Covid 19 was the biggest pandemic which was faced by the people for over a century. We again proved that humans cannot come together to solve a problem quickly. Millions of people lost their lives and livelihood and yet we all are living like nothing happened without being grateful for being alive today.

In [37]:
!python -m wget https://raw.githubusercontent.com/nytimes/covid-19-data/master/us-counties-2020.csv
!python -m wget https://raw.githubusercontent.com/nytimes/covid-19-data/master/us-counties-2021.csv
!python -m wget https://raw.githubusercontent.com/nytimes/covid-19-data/master/us-counties-2022.csv
!python -m wget https://raw.githubusercontent.com/nytimes/covid-19-data/master/us-counties-2023.csv

100% [....................................................] 35871900 / 35871900
Saved under us-counties-2020 (4).csv
100% [....................................................] 50311433 / 50311433
Saved under us-counties-2021 (4).csv
100% [....................................................] 51200840 / 51200840
Saved under us-counties-2022 (4).csv
100% [....................................................] 11541836 / 11541836
Saved under us-counties-2023 (4).csv


In [38]:
## importing the packages
import pandas as pd
import os
from pathlib import Path
import duckdb
import numpy as np

# Get the current working directory
current_working_directory = os.getcwd()

# Convert the current working directory to a Path object
script_dir = Path(current_working_directory)
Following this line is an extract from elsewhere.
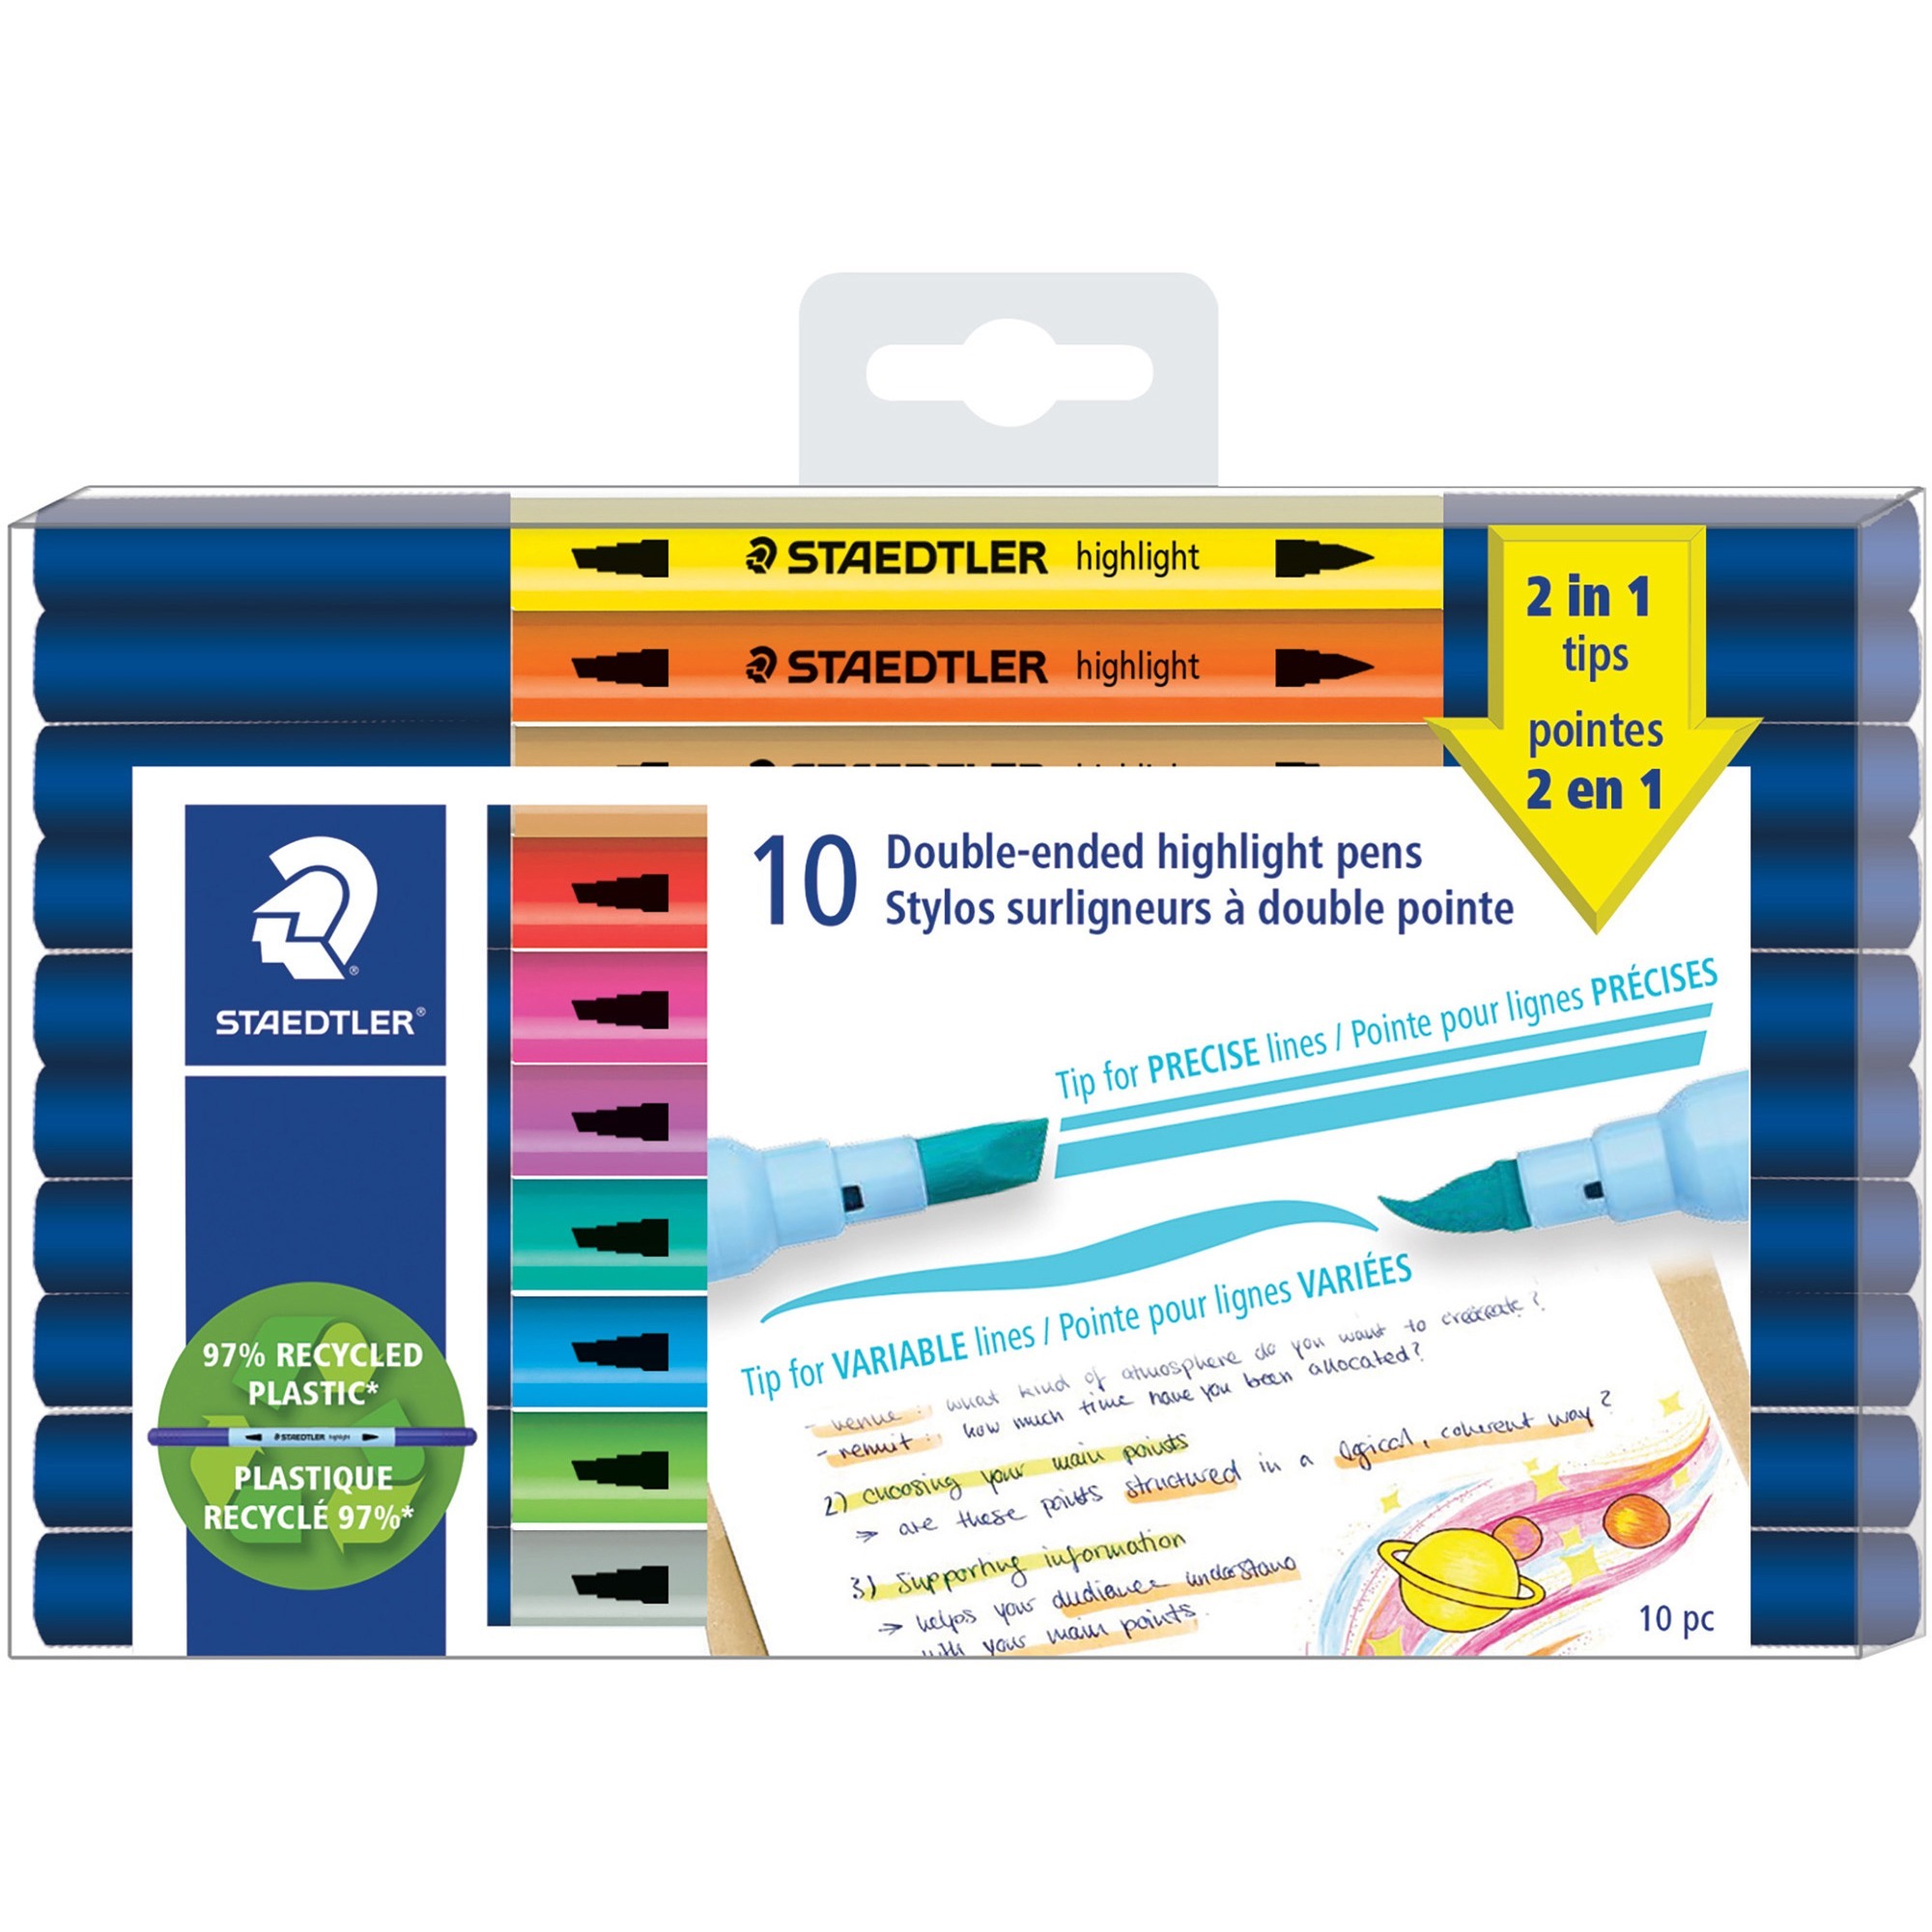 Staedtler Double-ended Highlighter Pens (3620tb10a6) - Afbeelding 1 van 1

### Extracting the datasets of the US counties from the NY times github repo


* We are pulling datasets of the US counties from 2020 to 2023
* Each of these datasets are in csv format

In [39]:
def extract_data(dataset_path):
    """
    Extract the covid datasets from the csv file into dataframe and return the dataframe

    Parameters
    ----------
    dataset_path : str
        Name of the path and the file name 
    """
    try:
        covid = pd.read_csv(dataset_path)
    except FileNotFoundError:
        print("File not found.")
    except pd.errors.EmptyDataError:
        print("No data")
    except pd.errors.ParserError:
        print("Parse error")
    return covid

### Transform the dataset

* Merged all the datasets from 2020 to 2023.
* Add new columns to the dataset - DailyCases and DailyDeaths
* Filter the data to a given state

In [40]:
def transform(df_list, statename):
    """
    Transform the dataframes by concatinating all the given dataframes
    Filter the dataframe for the given statename
    Create new columns - DailyCases and DailyDeaths
    Return the transformed dataframe

    Parameters
    ----------
    df_list : list
        list of dataframe names
    statename : str
        Name of the state to be used to filter the records
    """
    ### Concating the dataframes into one single dataframe
    covid = pd.concat(df_list)

    ### Filtering the dataframe for the given state
    covid = covid[covid.state == statename]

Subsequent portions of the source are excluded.